* **What you should do**: Copy the listing below exactly, but skip the pictures.

* **Collected data**:
....

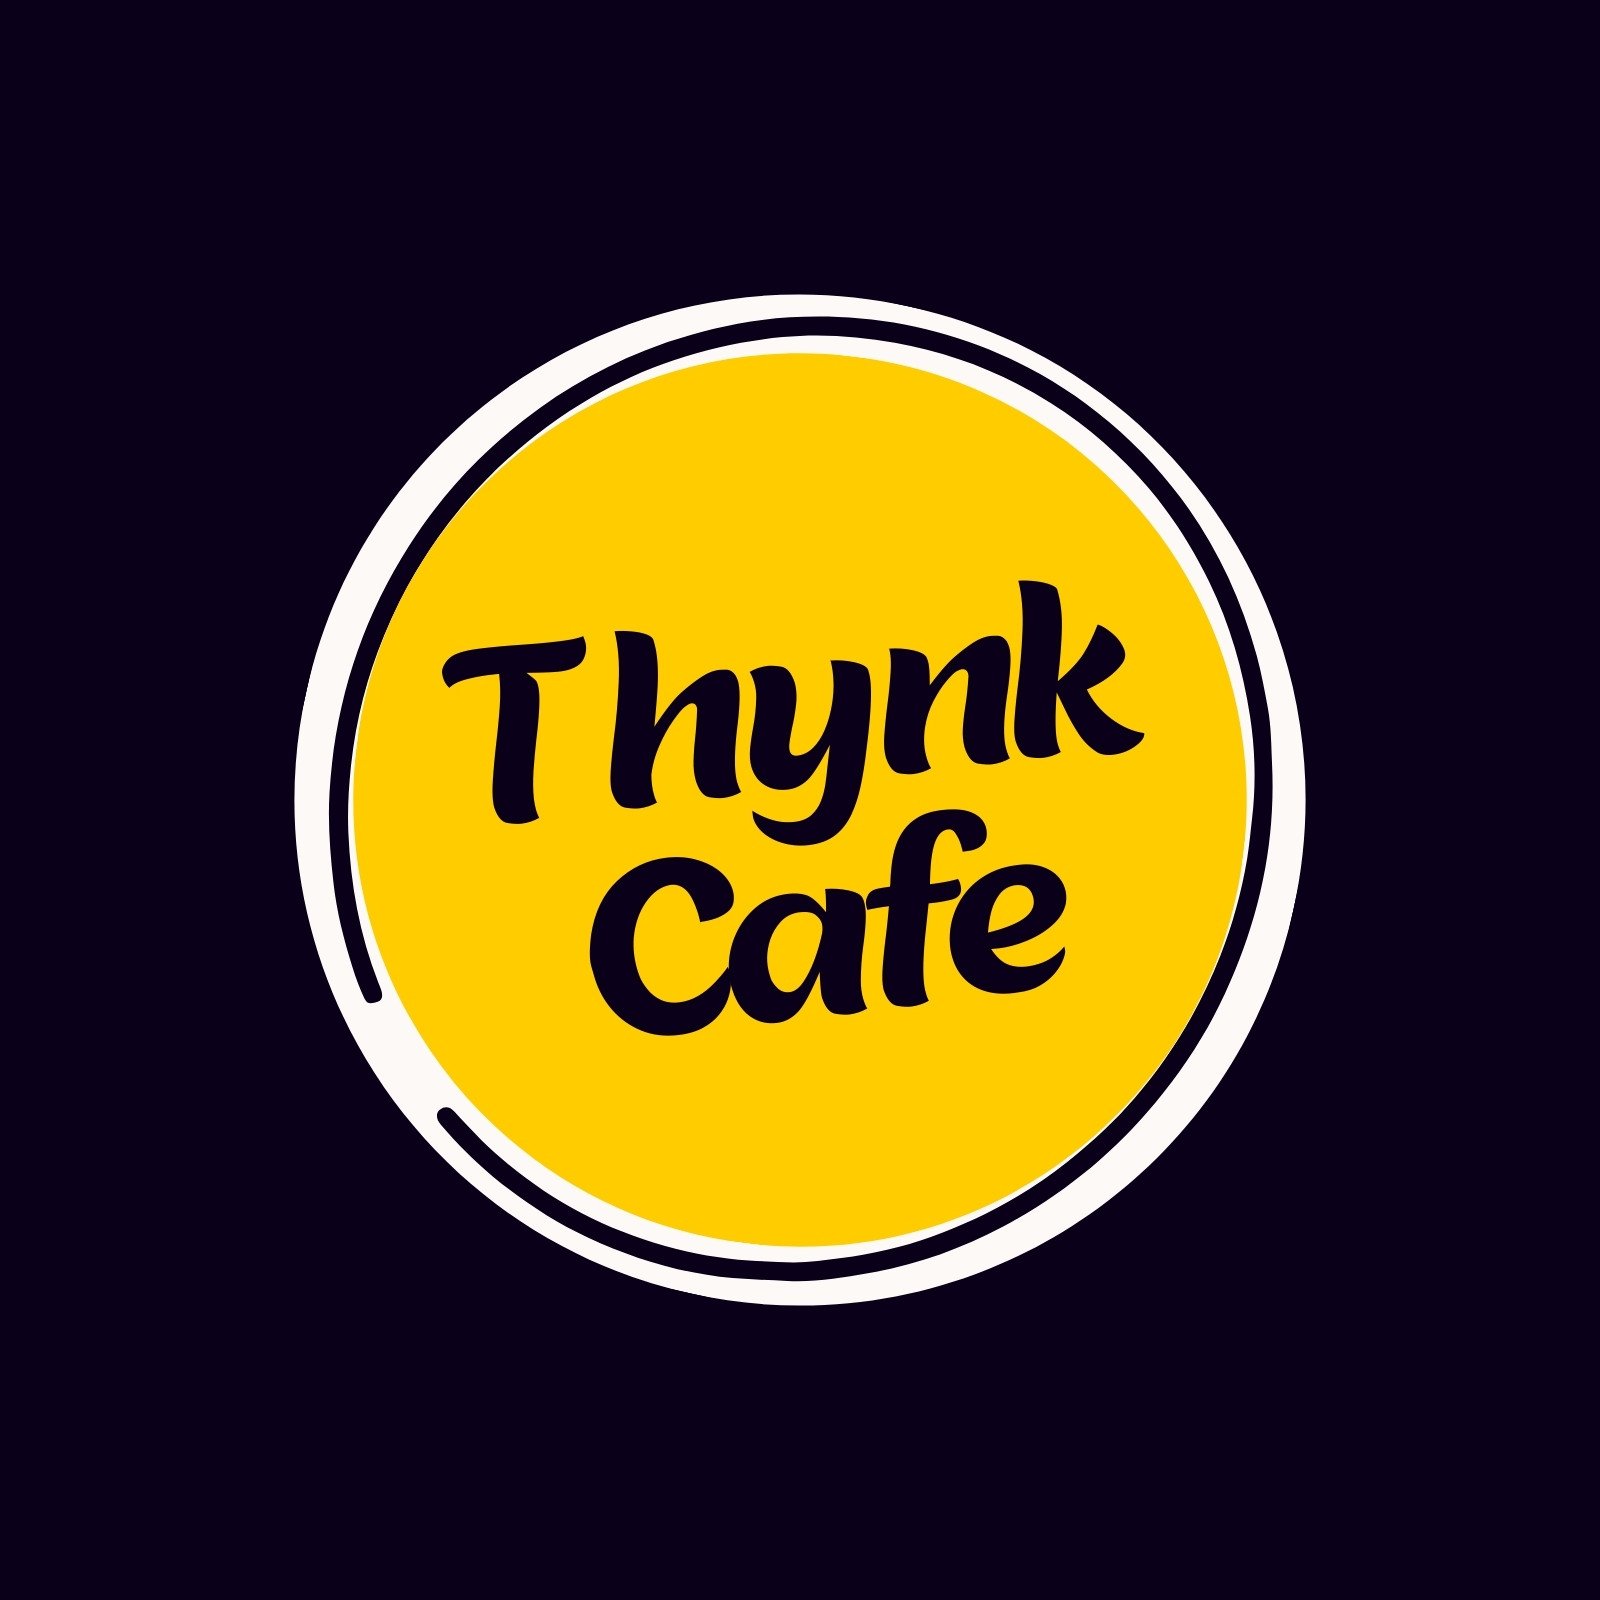 Free printable and customizable cafe logo templates, café - okgo.net
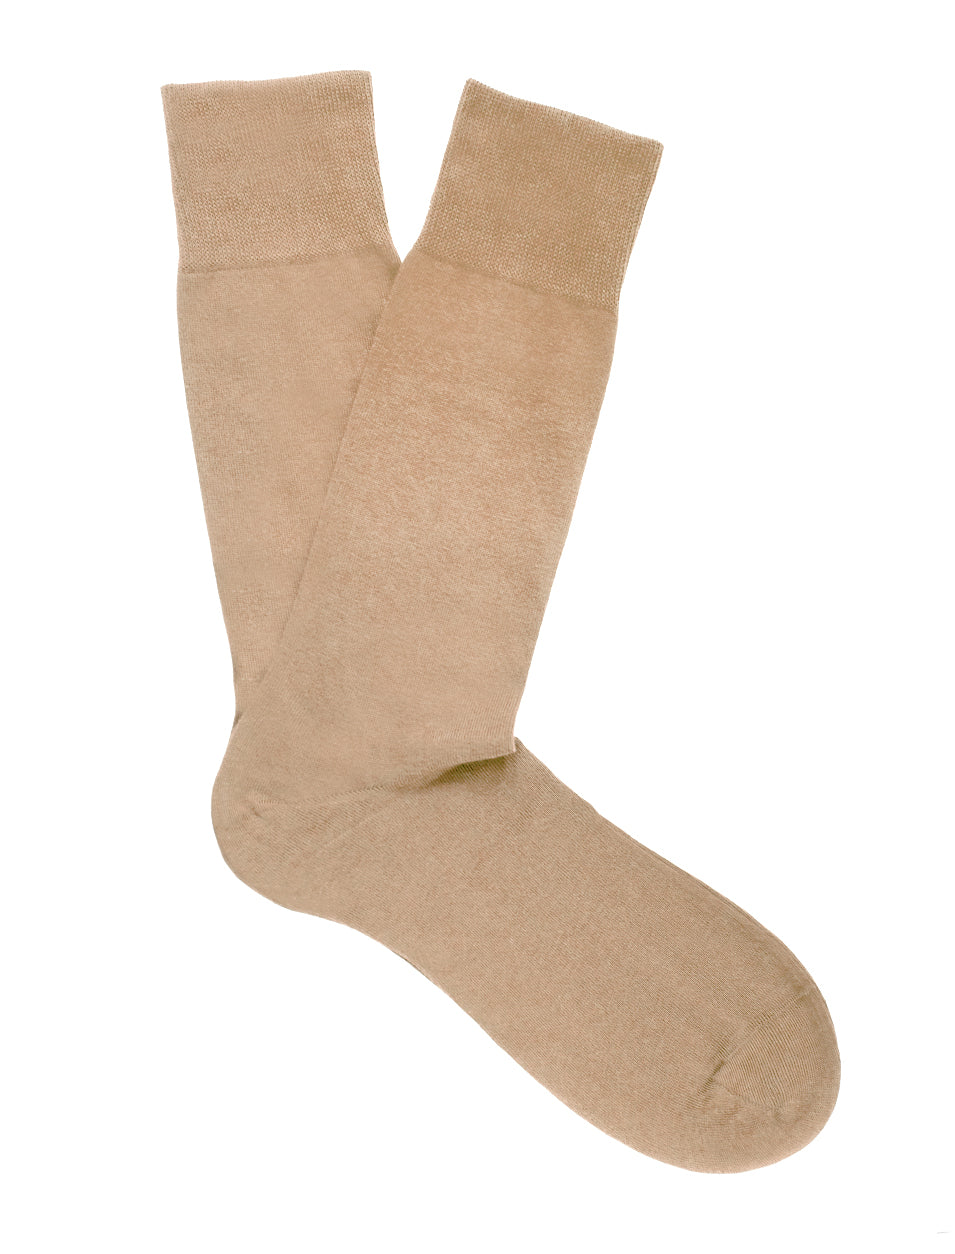 PANTHERELLA Tavener Flat Knit - Comfort Top / Egyptian Cotton Men's Socks in Light Khaki
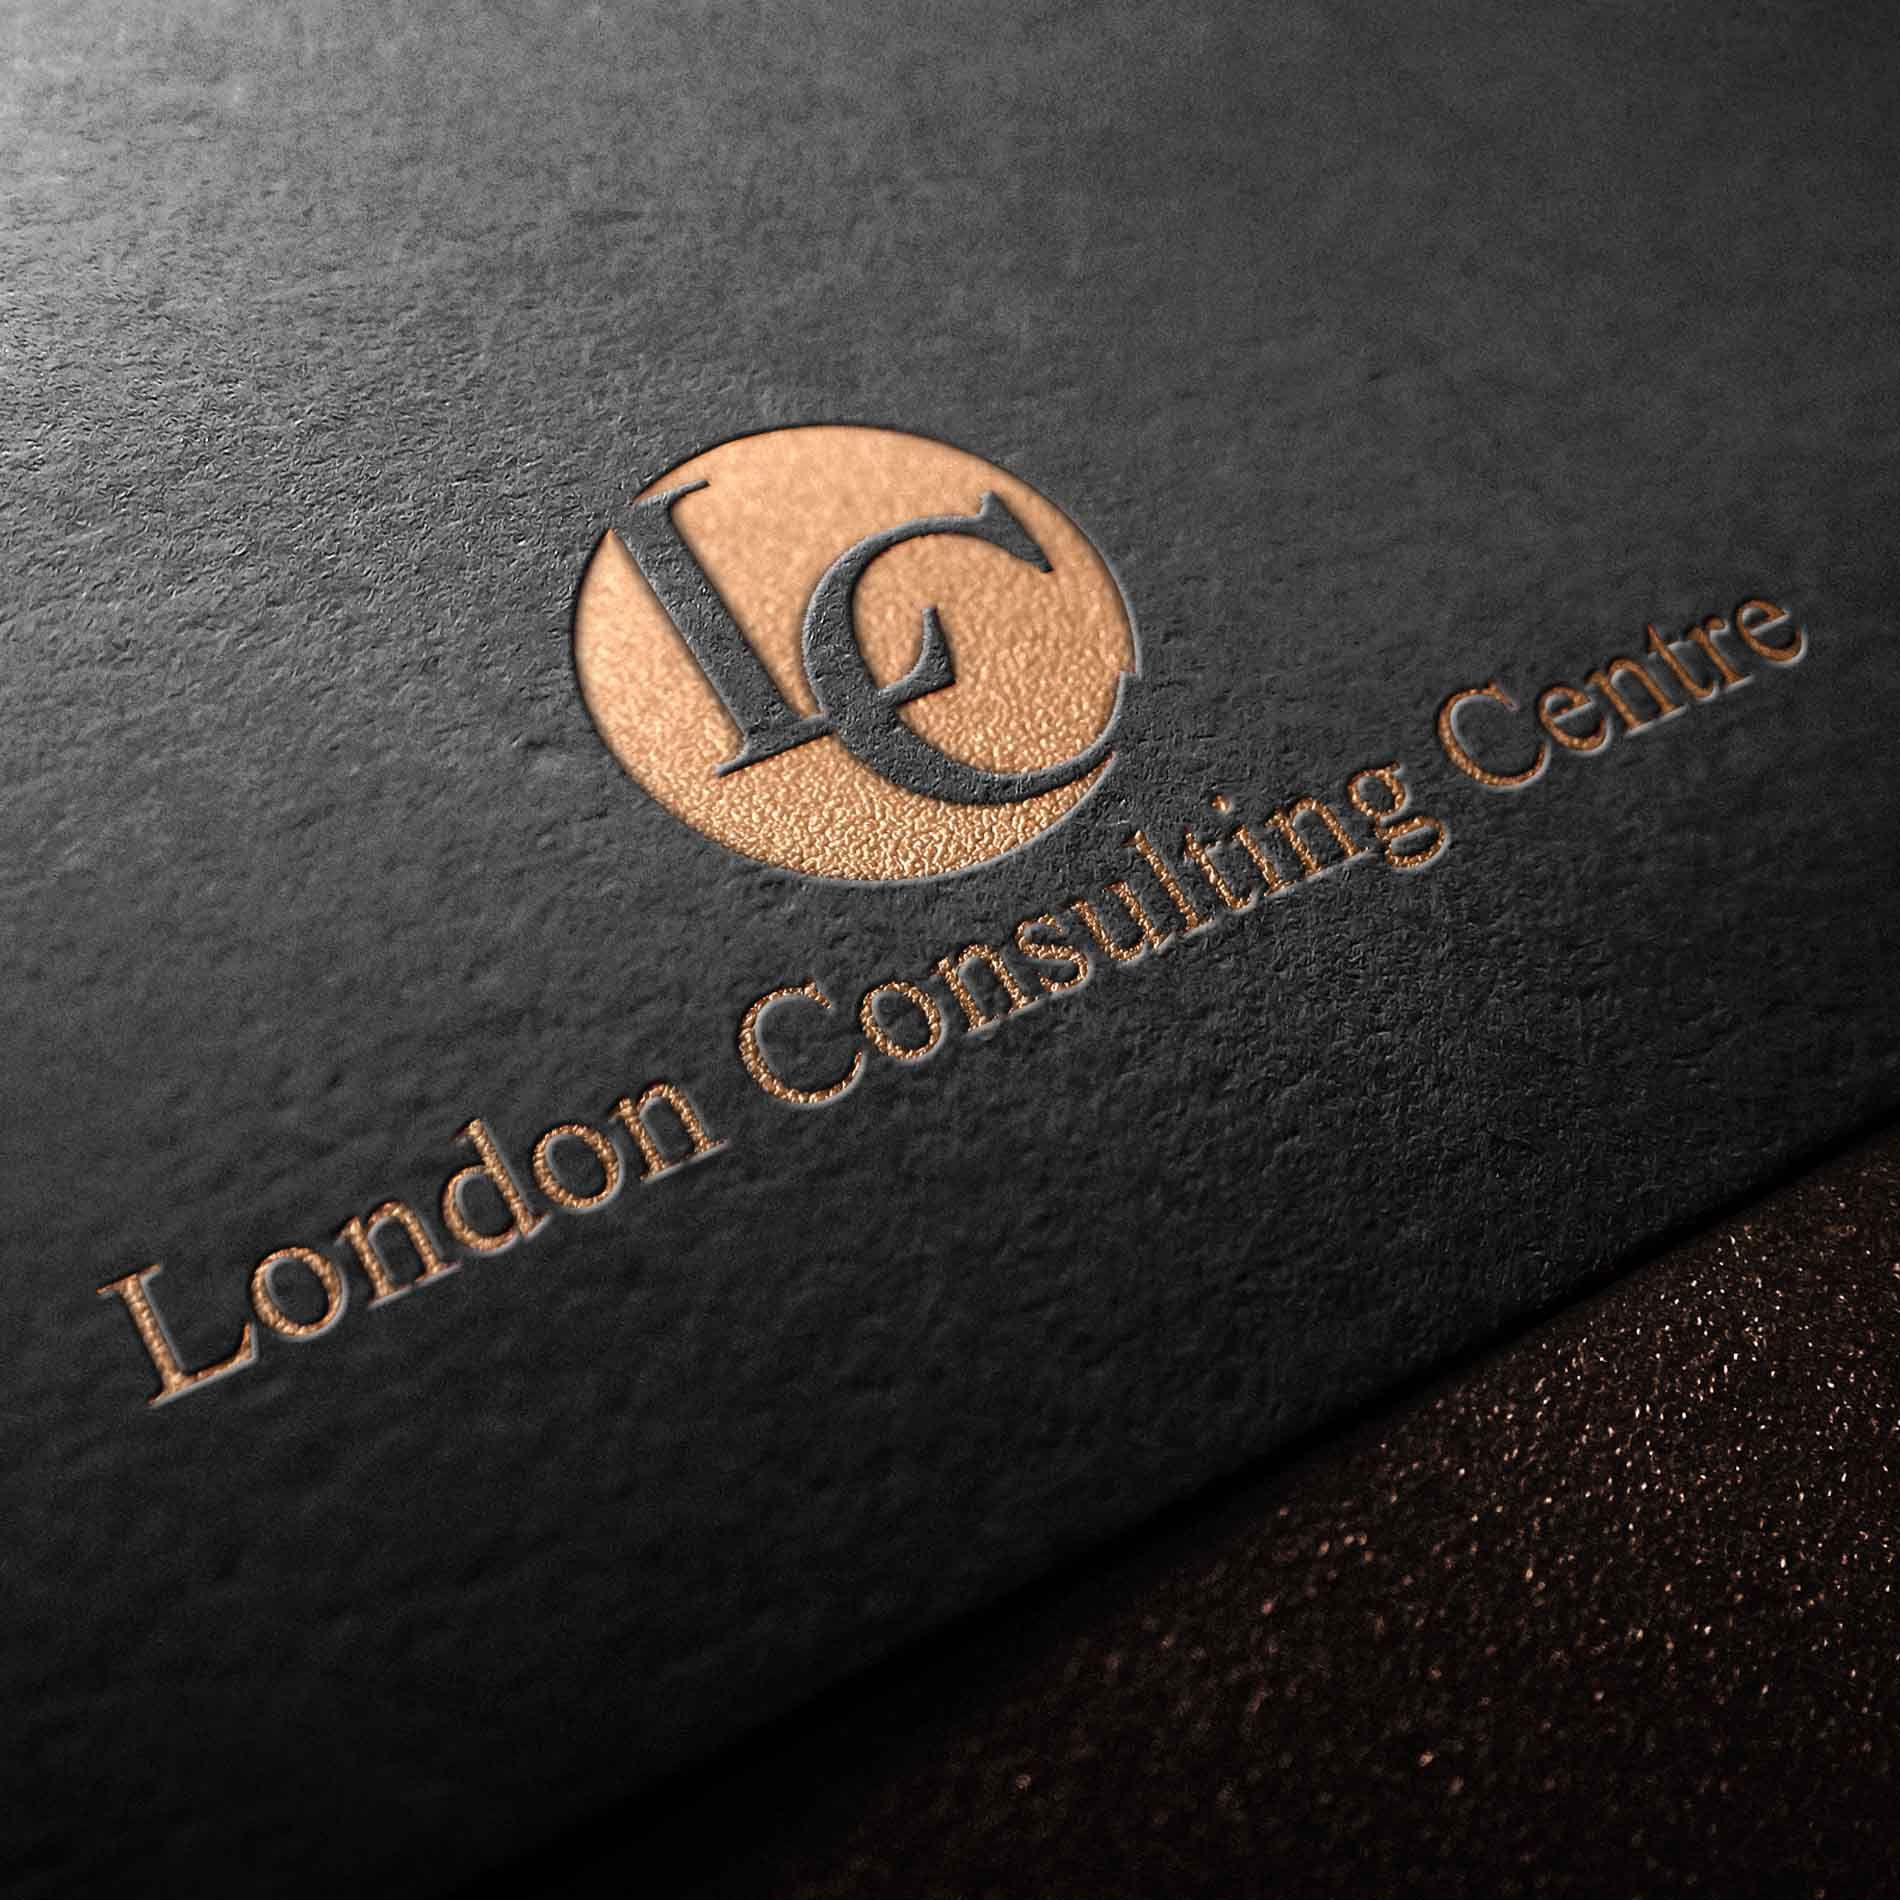 ФС для London Consulting Centre - дизайнер pololo

....

* **Solution to the problem**:
 Free printable and customizable cafe logo templates, café - okgo.net
 PANTHERELLA Tavener Flat Knit - Comfort Top / Egyptian Cotton Men's Socks in Light Khaki
 ФС для London Consulting Centre - дизайнер pololo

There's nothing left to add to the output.